La tentación de compararse con los demás.
La riqueza se
encuentra en la diversidad y en la unicidad de cada uno de nosotros.
Compararnos con los que están mejor nos lleva con frecuencia a caer en el
resentimiento, compararnos con los que están peor, nos lleva, a menudo, a
caer en la soberbia y en la pereza.
Quien tiende siempre
a compararse con los demás termina paralizado. Aprendamos de los santos
Pedro y Pablo a vivir la diversidad de caracteres, carismas y opiniones en
la escucha y docilidad al Espíritu Santo.
5.
La tentación del «faraonismo», es decir, de endurecer el corazón y
cerrarlo al Señor y a los demás.
Es la tentación de
sentirse por encima de los demás y de someterlos por vanagloria, de tener
la presunción de dejarse servir en lugar de servir.
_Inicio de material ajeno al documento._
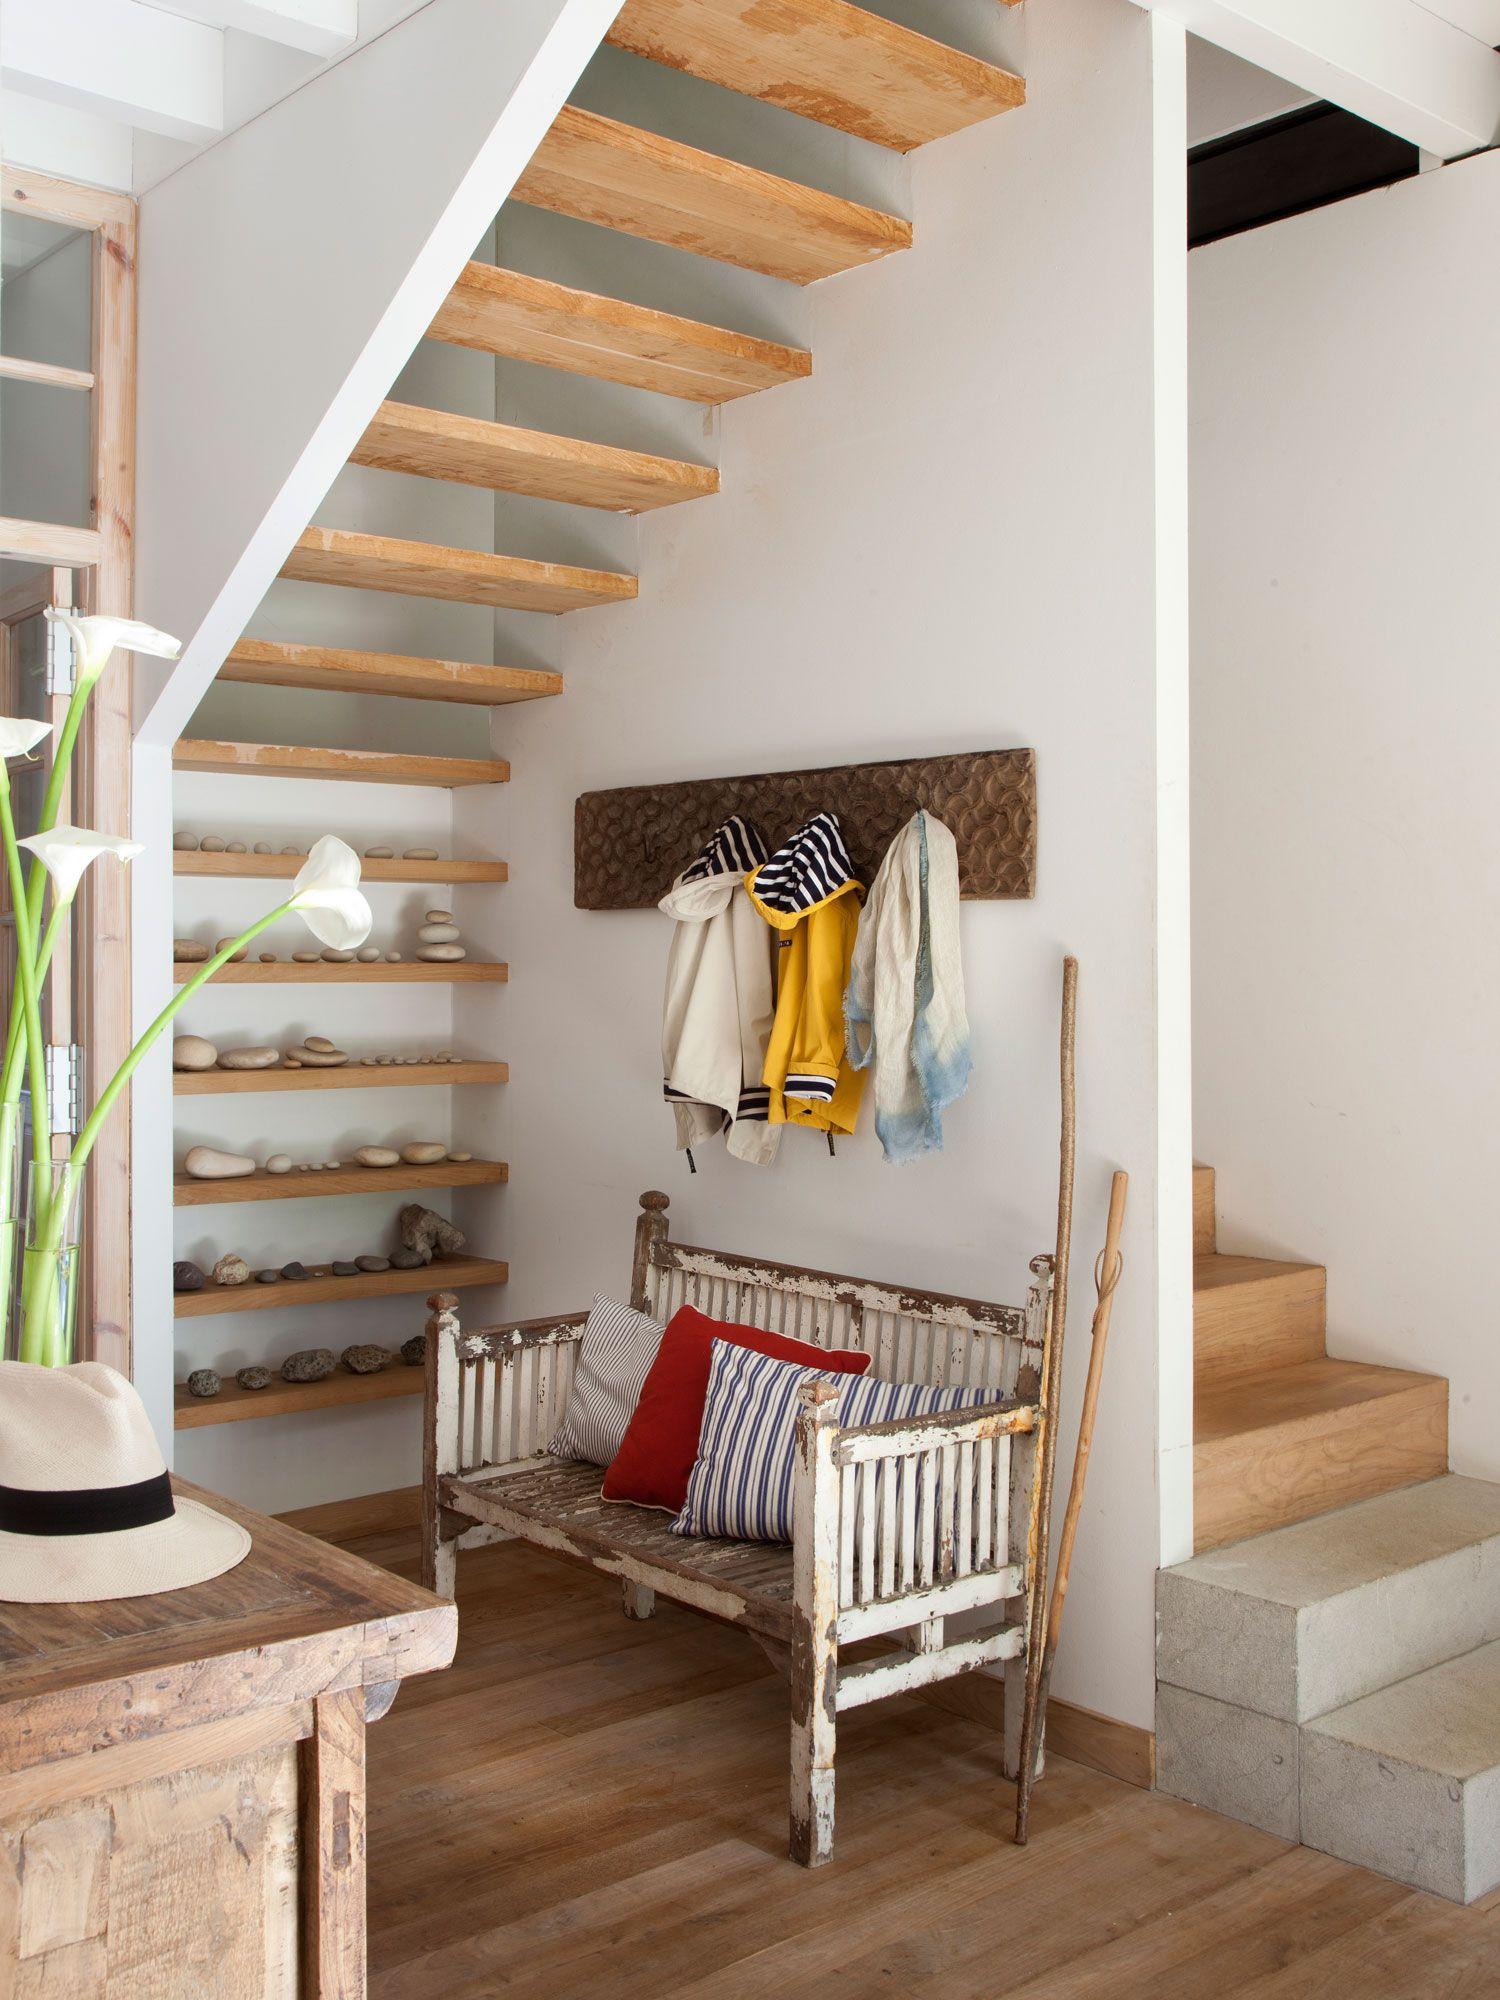 Recibidor con escalera con pelda os de madera el hueco for Bajo escaleras de madera
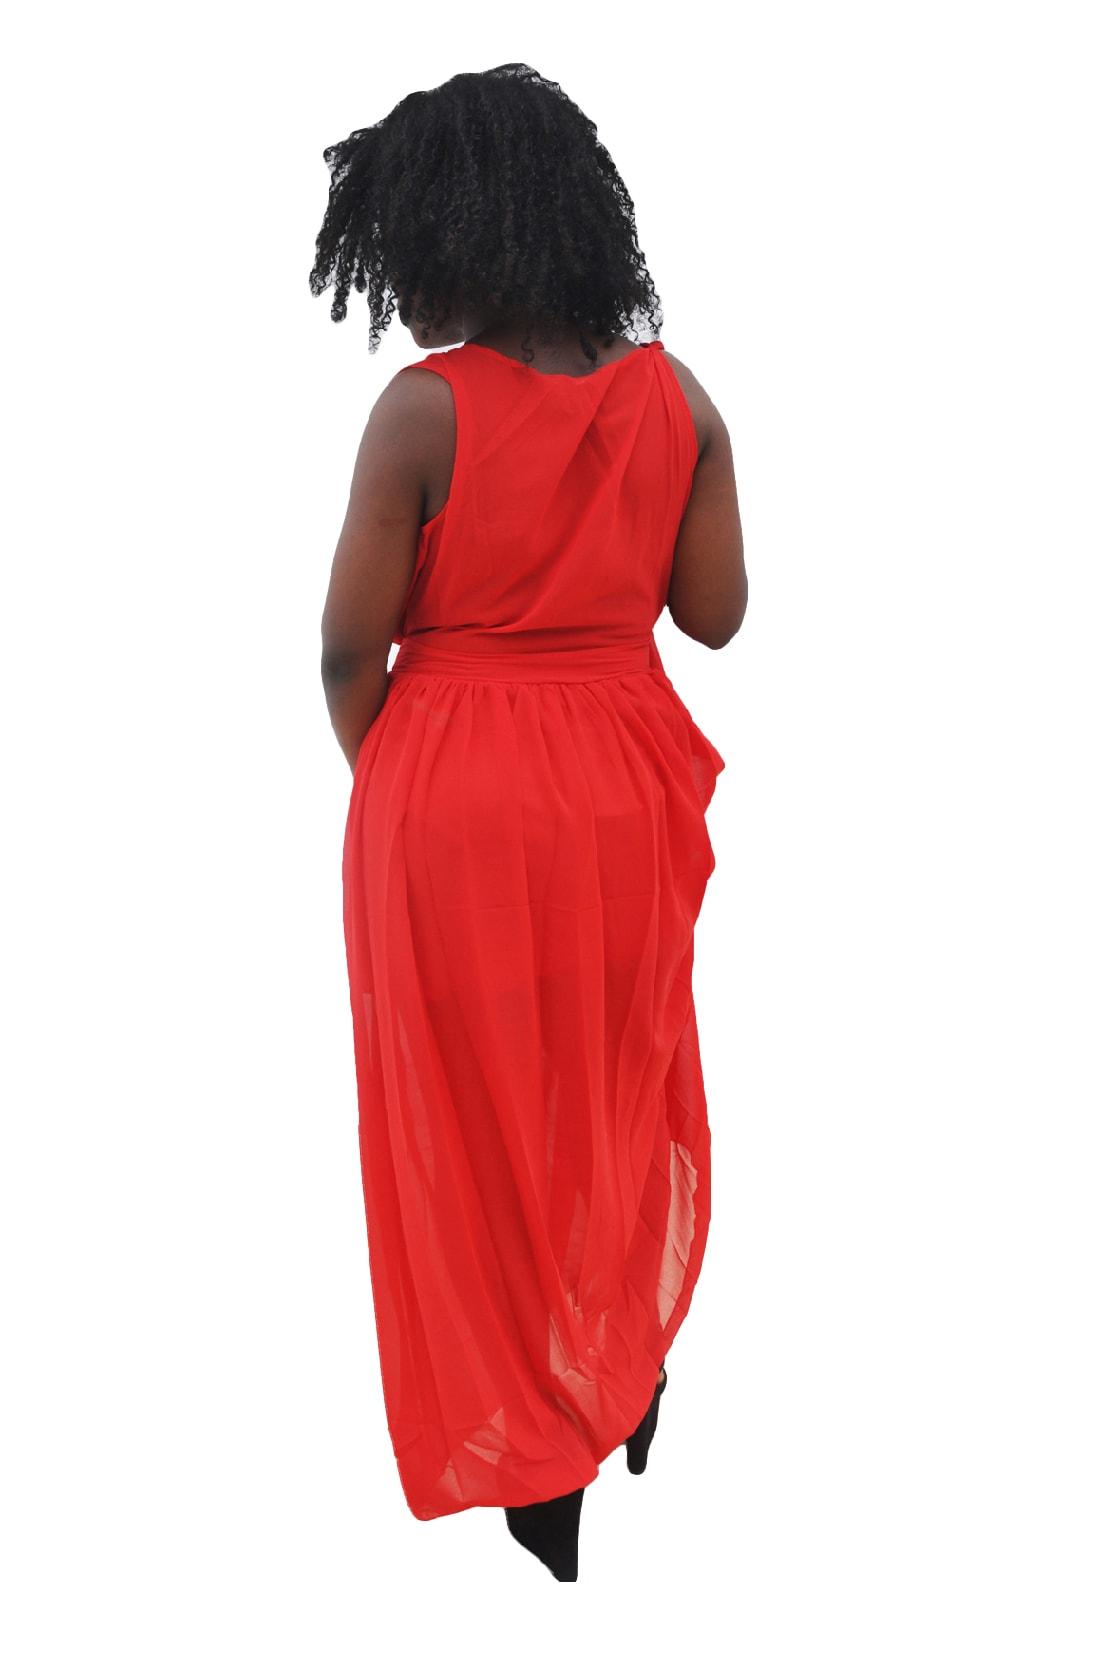 M0285 red2 Maxi Dresses maureens.com boutique
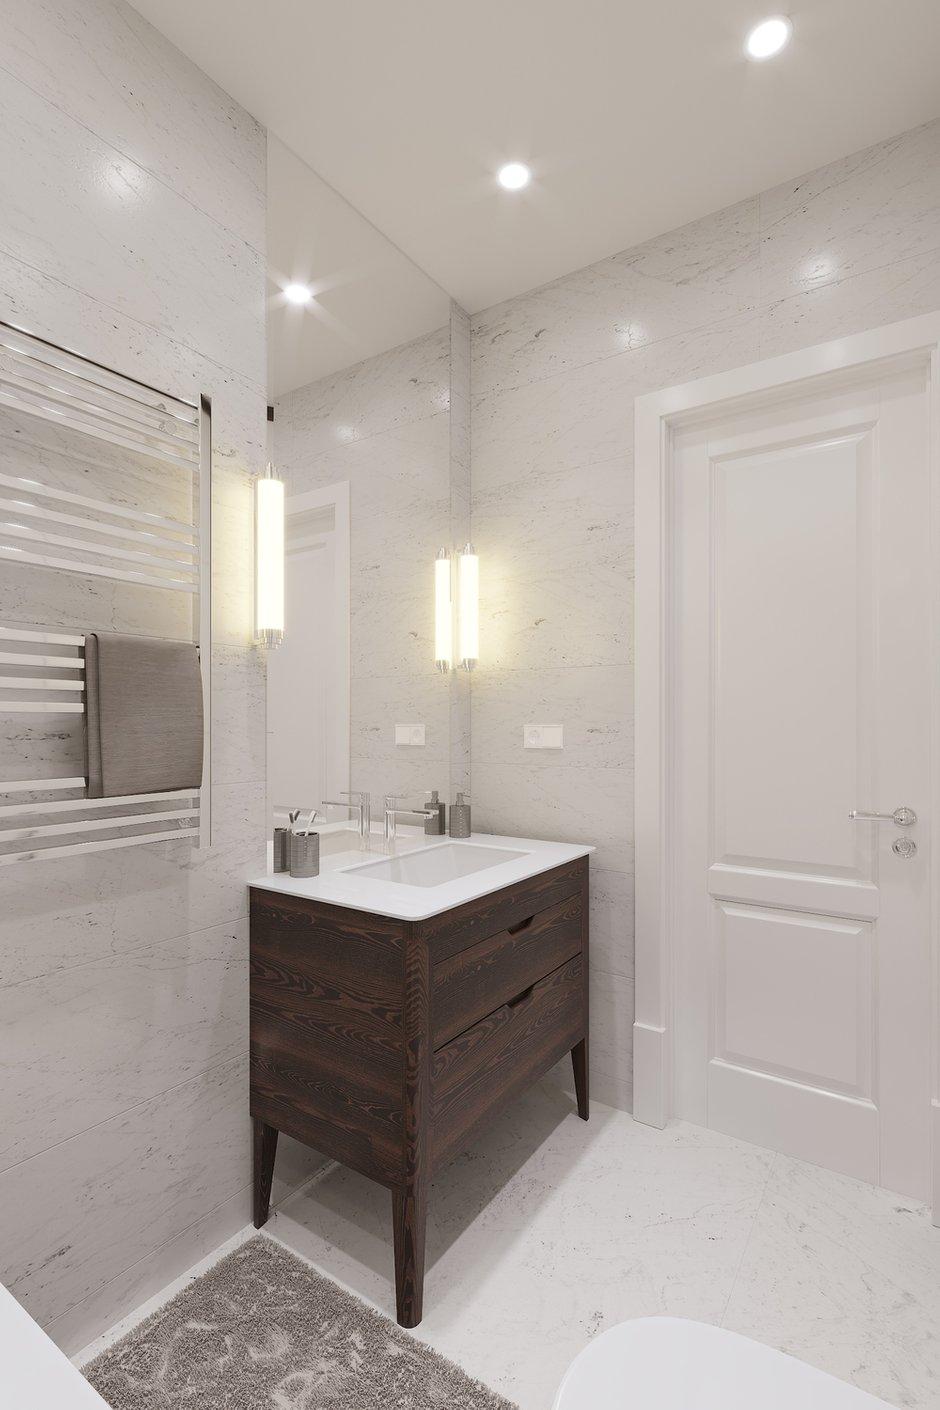 Фотография: Ванная в стиле Современный, Квартира, Проект недели, Санкт-Петербург, Монолитный дом, 3 комнаты, Более 90 метров, Эльжбета Чегарова – фото на INMYROOM
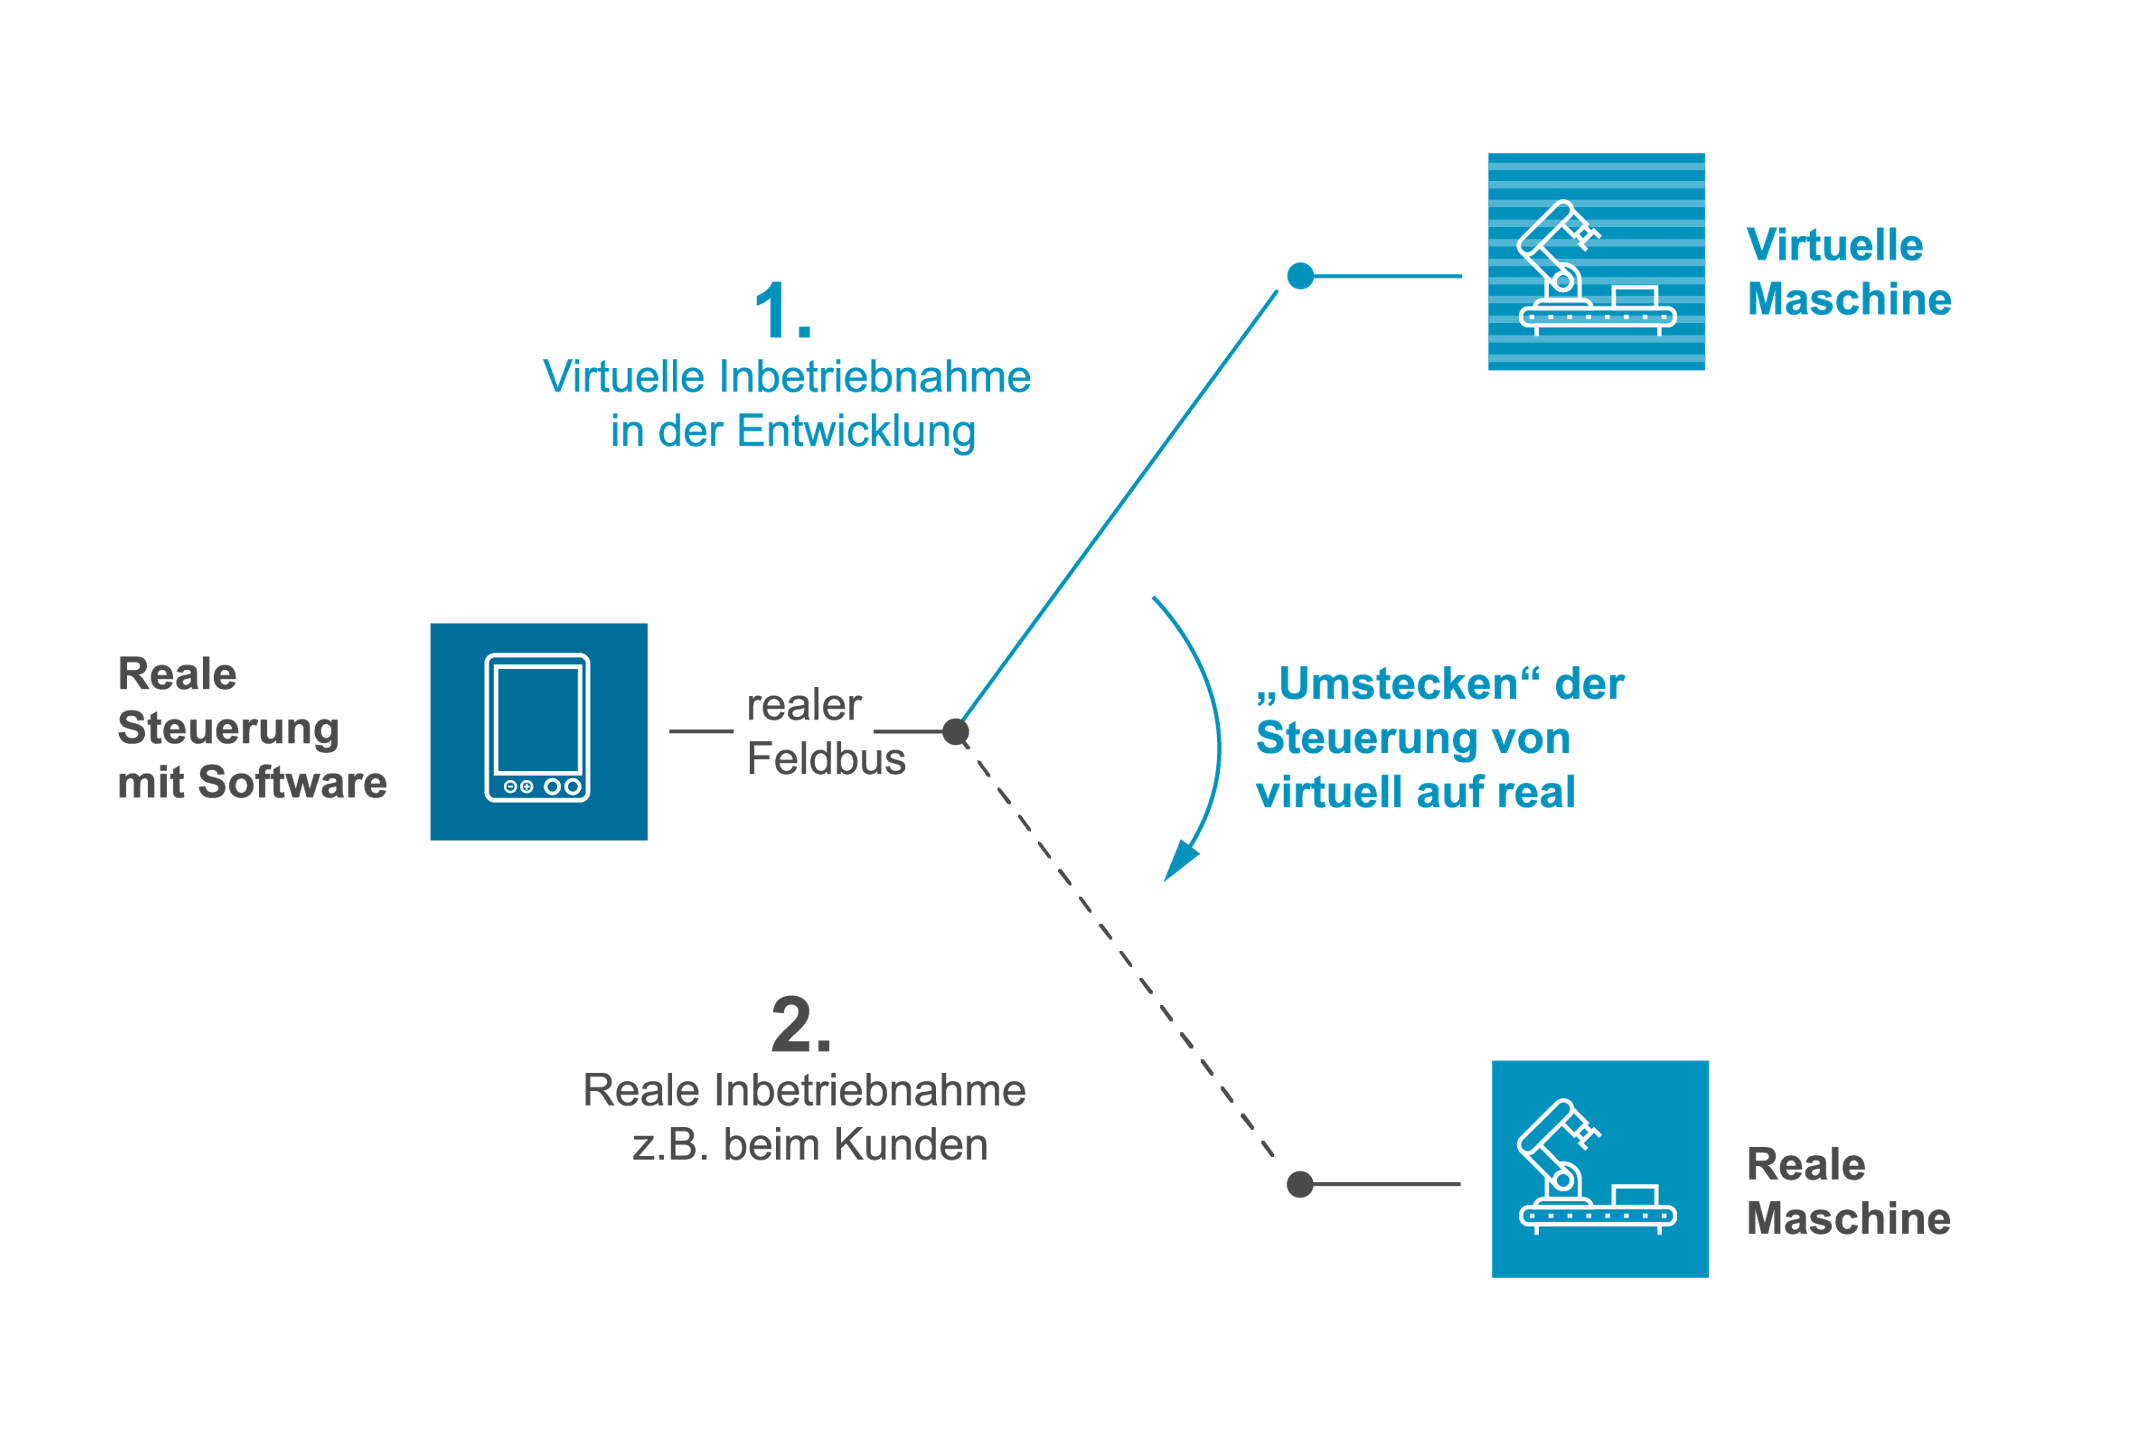 Grafik zeigt Ablauf einer virtuellen Inbetriebnahme

Es una tentación común que
aparece desde el comienzo entre los discípulos, los cuales —dice el
Evangelio— «por el camino habían discutido quién era el más importante»
(Mc 9,34).
El antídoto a este
veneno es: «Quien quiera ser el primero, que sea el último de todos y el
servidor de todos» (Mc 9,35).
6.
La tentación del individualismo.
Como dice el conocido
dicho egipcio: «Yo, y después de mí, el diluvio». Es la tentación de
los egoístas que por el camino pierden la meta y, en vez de pensar en los
demás, piensan sólo en sí mismos, sin experimentar ningún tipo de vergüenza,
más bien al contrario, se justifican. La Iglesia es la comunidad de los
fieles, el cuerpo de Cristo, donde la salvación de un miembro está
vinculada a la santidad de todos (cf. 1Co 12,12-27; Lumen gentium, 7).
El individualista es, en cambio, motivo de escándalo y de conflicto.
7.
La tentación del caminar sin rumbo y sin meta.
El consagrado pierde
su identidad y acaba por no ser «ni carne ni pescado». Vive con el corazón
dividido entre Dios y la mundanidad. Olvida su primer amor (cf. Ap 2,4).
En realidad, el consagrado, si no tiene una clara y sólida identidad,
camina sin rumbo y, en lugar de guiar a los demás, los dispersa. Vuestra
identidad como hijos de la Iglesia es la de ser coptos —es decir,
arraigados en vuestras nobles y antiguas raíces— y ser católicos —es
decir, parte de la Iglesia una y universal—: como un árbol que cuanto
más enraizado está en la tierra, más alto crece hacia el cielo.
Queridos consagrados,
hacer frente a estas tentaciones no es fácil, pero es posible si
estamos injertados en Jesús: «Permaneced en mí, y yo en vosotros. Como el
sarmiento no puede dar fruto por sí, si no permanece en la vid, así
tampoco vosotros, si no permanecéis en mí» (Jn 15,4). Cuanto más
enraizados estemos en Cristo, más vivos y fecundos seremos. Así el consagrado
conservará la maravilla, la pasión del primer encuentro, la atracción y la
gratitud en su vida con Dios y en su misión.